부산대학교 도서관

A 31-year-old primigravida, with spontaneous singleton pregnancy, presented in 21 weeks of gestation with abdominal pain. Abdominal ultrasound (USS) and Magnetic Resonance Imaging (MRI) showed a 12 × 14cm large complex lesion arising from the right ovary suspicious for an ovarian malignancy. The radiological staging demonstrated no further metastatic disease; however, it also revealed a 6 cm lesion in the contralateral ovary, consistent with a dermoid cyst. After tumour board discussion the patient underwent a mid-line laparotomy with right oophorectomy, cytology, and peritoneal and omental staging, under oral tocolysis with indomethacin. The left presumed ovarian dermoid was left in situ to avoid additional surgical and obstetrical morbidity. Histology confirmed a grade 3 immature teratoma with primitive neuroepithelium focally present on the capsular surface and atypical cells in the cytology amounting to a stage 1 C2 disease at least. Due to high-risk disease, she was offered adjuvant treatment.

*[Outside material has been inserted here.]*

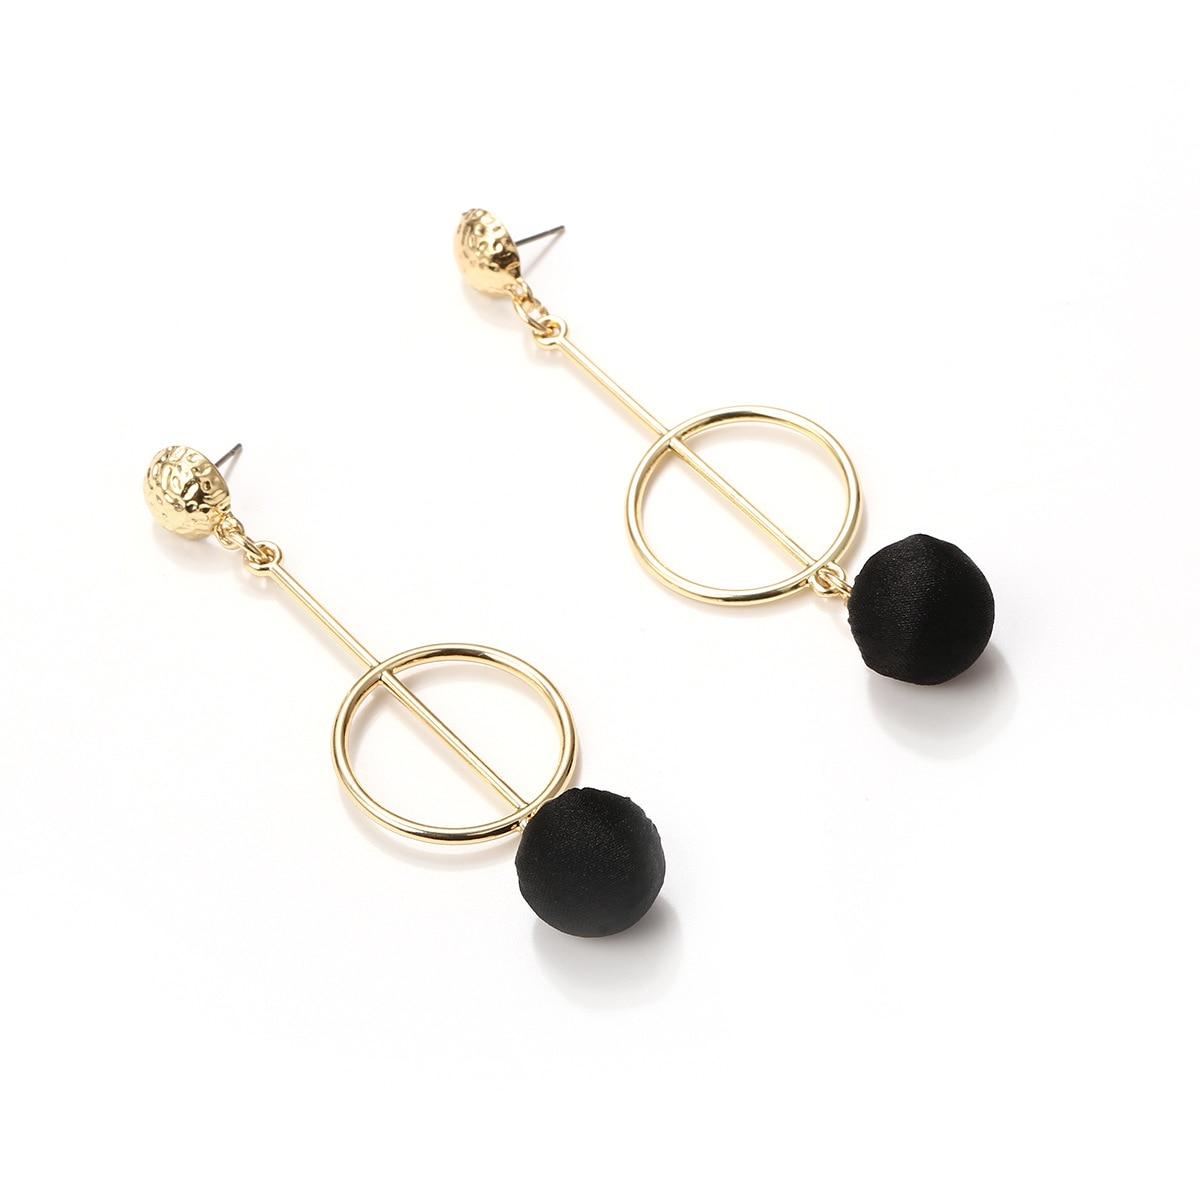 NEW Fashion Simple Drop Earrings Alloy Hollow Pierced ...
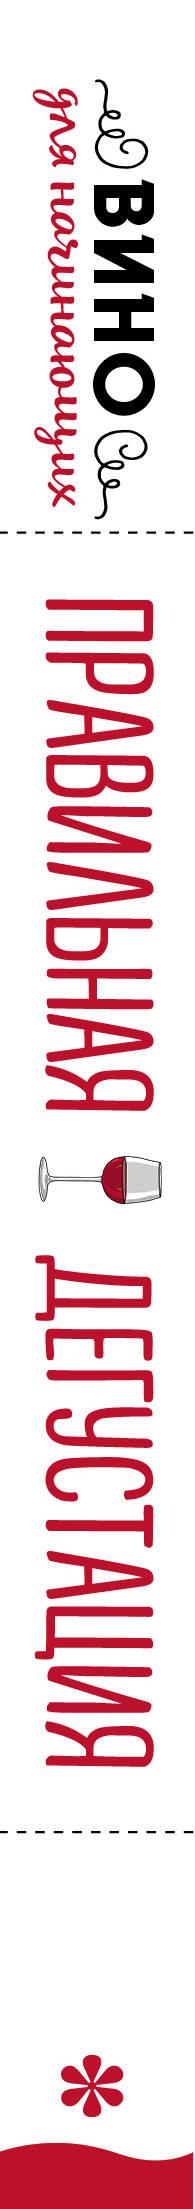 Казамайор Пьер. Вино для начинающих. Правильная дегустация 195x2209

The patient received one cycle of intravenous paclitaxel, etoposide, and cisplatin chemotherapy, in an adjuvant setting. She underwent an elective caesarean section at 36 weeks, with the safe delivery of a healthy baby girl. After 6 weeks of her delivery, she received three further cycles of etoposide, and cisplatin to complete her course of adjuvant chemotherapy. Three months after the last chemotherapy cycle, she underwent a laparoscopic removal of the left ovarian dermoid that had increased in size to 8 cm. Final histology revealed no immature elements. To this point, 2 years after initial diagnosis, both mother and child are healthy with no long-term complications. The patient has resumed her normal menstrual cycle and being in remission, she wishes soon to try for a second child. To our knowledge, this is the only reported case of ovarian immature teratoma in pregnancy treated successfully with surgery and adjuvant iv paclitaxel, etoposide, and cisplatin chemotherapy regime.